Creatine is an amazing supplement. I’d go as far as saying it’s the single best performance enhancing supplement you can legally buy. It’s well researched, safe and inexpensive. So how does it work, and which creatine is the best?
I’m not going to pump you full of hard-to-understand science, so don’t worry. I want you to fully understand how creatine works in the simplest terms possible.
What is Creatine?
Creatine is a compound made by the body and stored almost entirely (95%) in muscle tissue. We also get creatine through eating red meat and seafood.
Specifically, it is stored in our muscle tissue as creatine phosphate (phosphocreatine).
It’s not by mistake that our body makes and stores creatine phosphate in muscle tissue. It is one chemical reaction away from making what is known as ATP (Adenosine Triphosphate), which is essentially the molecule that is like gasoline to a car.
It’s All About Energy
For muscles to perform movement, energy is required. The human body is an incredible machine, able to create energy from several different pathways (energy systems):
- Aerobic: Oxygen, carbohydrate and fats are used to create ATP. This is a slow and efficient method of producing energy. Think of jogging a slow 5 miles, or sitting and reading this article.
- Anaerobic: Carbohydrates (glucose) are broken down without oxygen to create ATP (energy). Think of sprinting for 30-60 seconds.
- Phosphocreatine: Creatine is directly converted into ATP via a one-step chemical reaction. Think of performing 3 heavy reps on the bench press, or performing a short, max effort sprint.
All energy pathways lead to the production of ATP, which is the final compound needed to create a muscular contraction.
The phosphocreatine system is used for immediate, high intensity effort generally lasting less than 10 seconds. Beyond this short burst, this system cannot continue to produce energy.
Supplementing With Creatine
If we already make creatine in our own body and consume it through food, why should we supplement with it?
Our bodies will naturally produce around 1g/day. Even with the additional creatine consumed in our diet, this is not enough to fully saturate the muscle.
Supplementing has been shown to increase muscle saturation of phosphocreatine by 20-40% or more, to the point that the muscle is fully saturated.
That additional creatine in your muscle tissue will allow you to lift heavier weight for more reps throughout your workout. There is simply more immediate energy available for explosive activity.
Effects of Supplementation
Studies show that Creatine supplementation can lead to:
- Maximum power and strength increases of up to 15%
- Improved Sprint Performance
- Amplified effects of resistance training on strength and muscle mass
- Improved neurological function in both young and old people
- Improvements in fat free mass/body composition
- Improved recovery
Buy it in Bulk
Creatine is generally an inexpensive supplement, which is awesome because it’s one that actually works.
I highly recommend using Bulk Supplements. You can get pure ingredients, get much more of them, and for a cheaper price than at the store or on amazon. You can get 500g of creatine for around $16!
Which Creatine is the Best?
Being the most widely studied supplement of all time, one thing we do know is that creatine works.
There are several different forms of creatine available on the market today, most of which proclaim themselves to be the superior version.
However, studies continue to show that most of these different versions do not outperform plain old creatine monohydrate (the most common form).
One exception to this may be Creatine Hydrochloride (HCL).
Creatine HCL is far more water soluble than creatine monohydrate, meaning you can use less of it and get the same benefits.
One study showed that 1.5g/day of creatine HCL resulted in the same benefits as supplementing with the standard dose of 5g/day of creatine monohydrate.

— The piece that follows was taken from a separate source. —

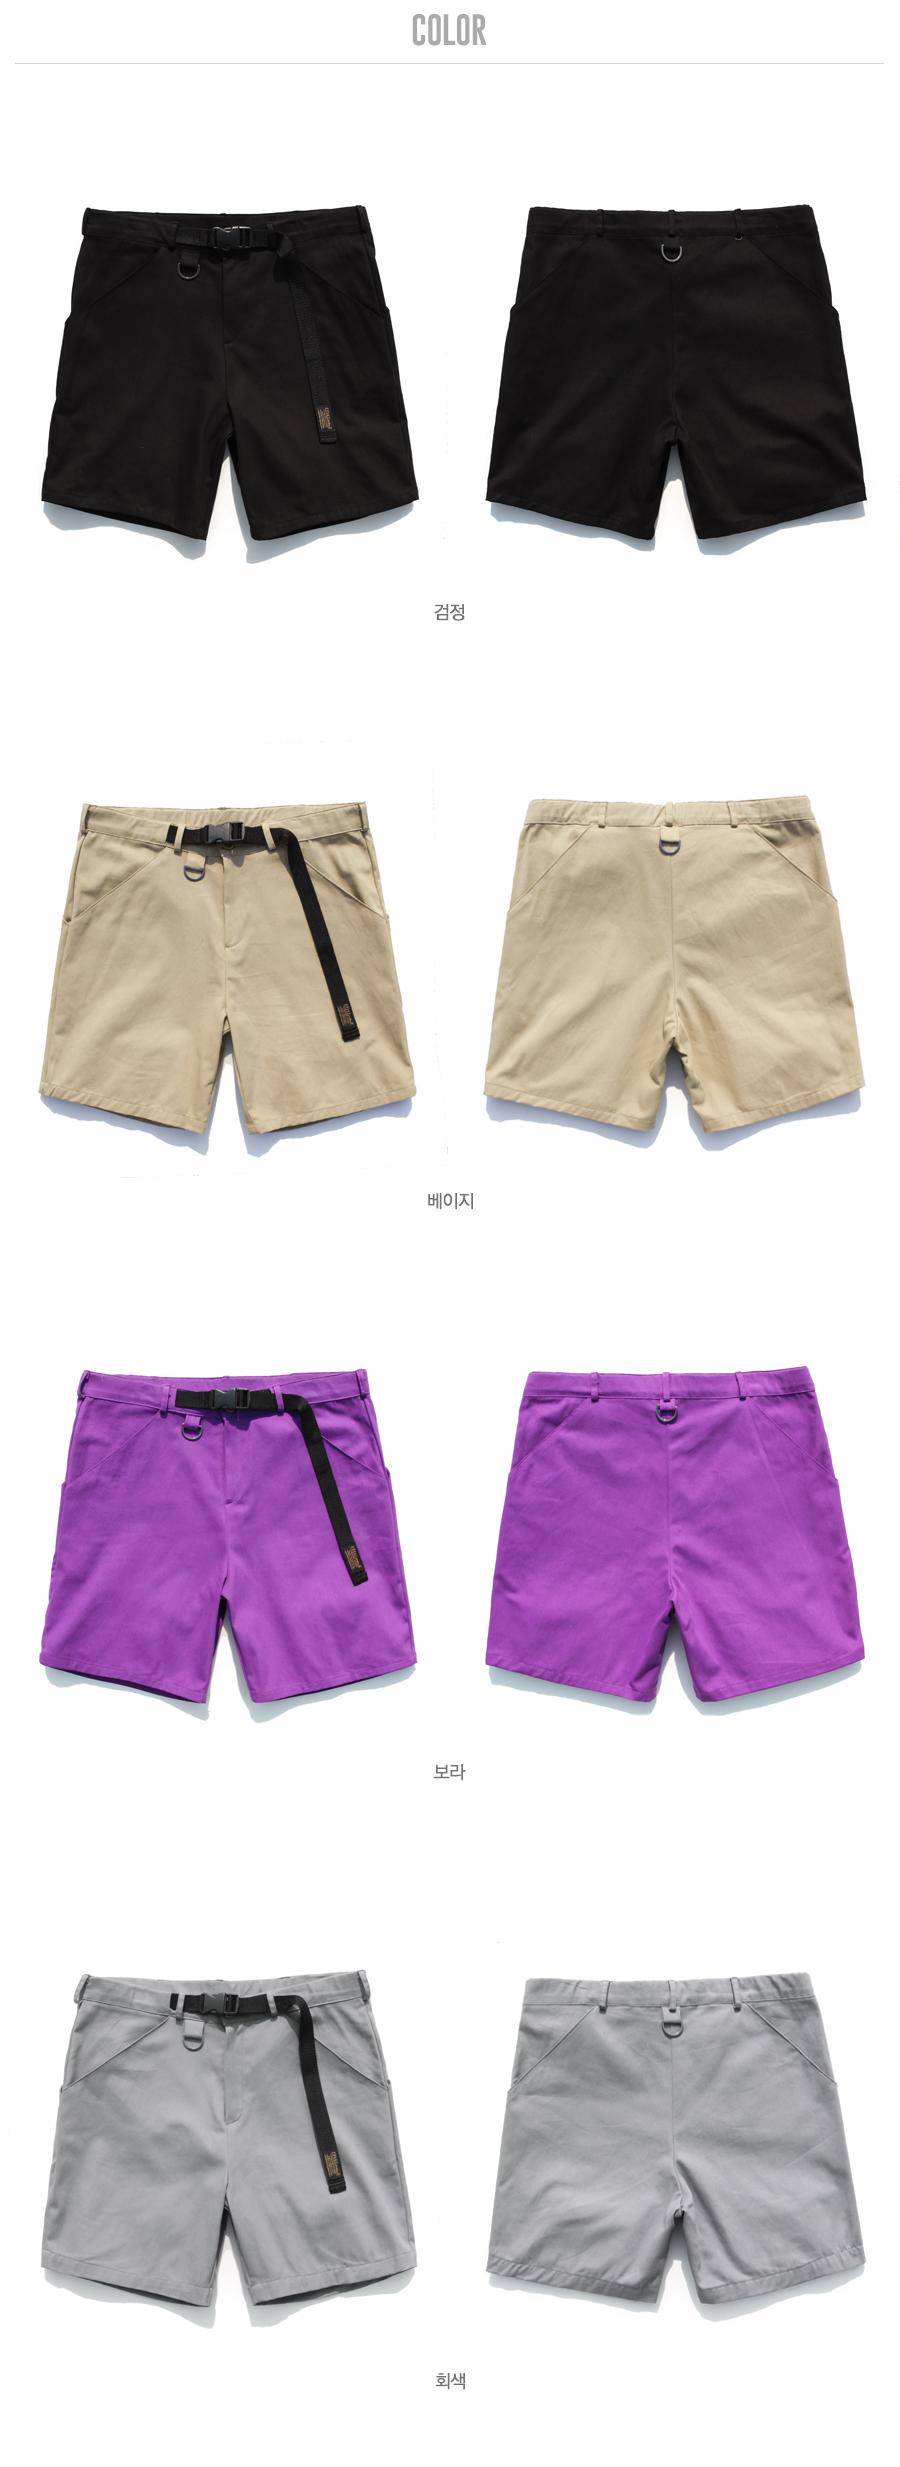 20180423_fp_outlook_short_pants_color_uk.jpg

The study also found that supplementing with the HCL version led to larger improvements in lean body mass, without the water retention normally caused by monohydrate.
Bottom Line: The two best creatines to take are creatine monohydrate and creatine HCL. There is evidence that creatine HCL may have additional benefit when it comes to lean body mass, but both will certainly make you stronger and help you gain muscle.
How to Supplement with Creatine Properly
Research shows that the optimal way to take creatine is to “load” it for at least 4 days – 1 week by taking 20g/day split up into 4 doses. After that, take 5g/day as a maintenance dose to maintain muscle creatine saturation.
It’s important to take it every day to ensure you maintain levels of muscle saturation. Like so many other things, consistency is important.
It really doesn’t matter when you take it. Most people prefer either before or after their workout, mostly as a matter of making it a habit. You should take it every day, even on the days you do not work out.
Note: This article contains affiliate links to products I believe in and use. They come at no additional cost to you, and are listed for your benefit.
Creatine works, and I hope I’ve helped shed some light on how exactly it can benefit you. Research shows that creatine monohydrate and creatine HCL are the two best types, and both can give you results.
I hope you found this helpful, and as always, I hope it helped you get a little closer to that best version of YOU!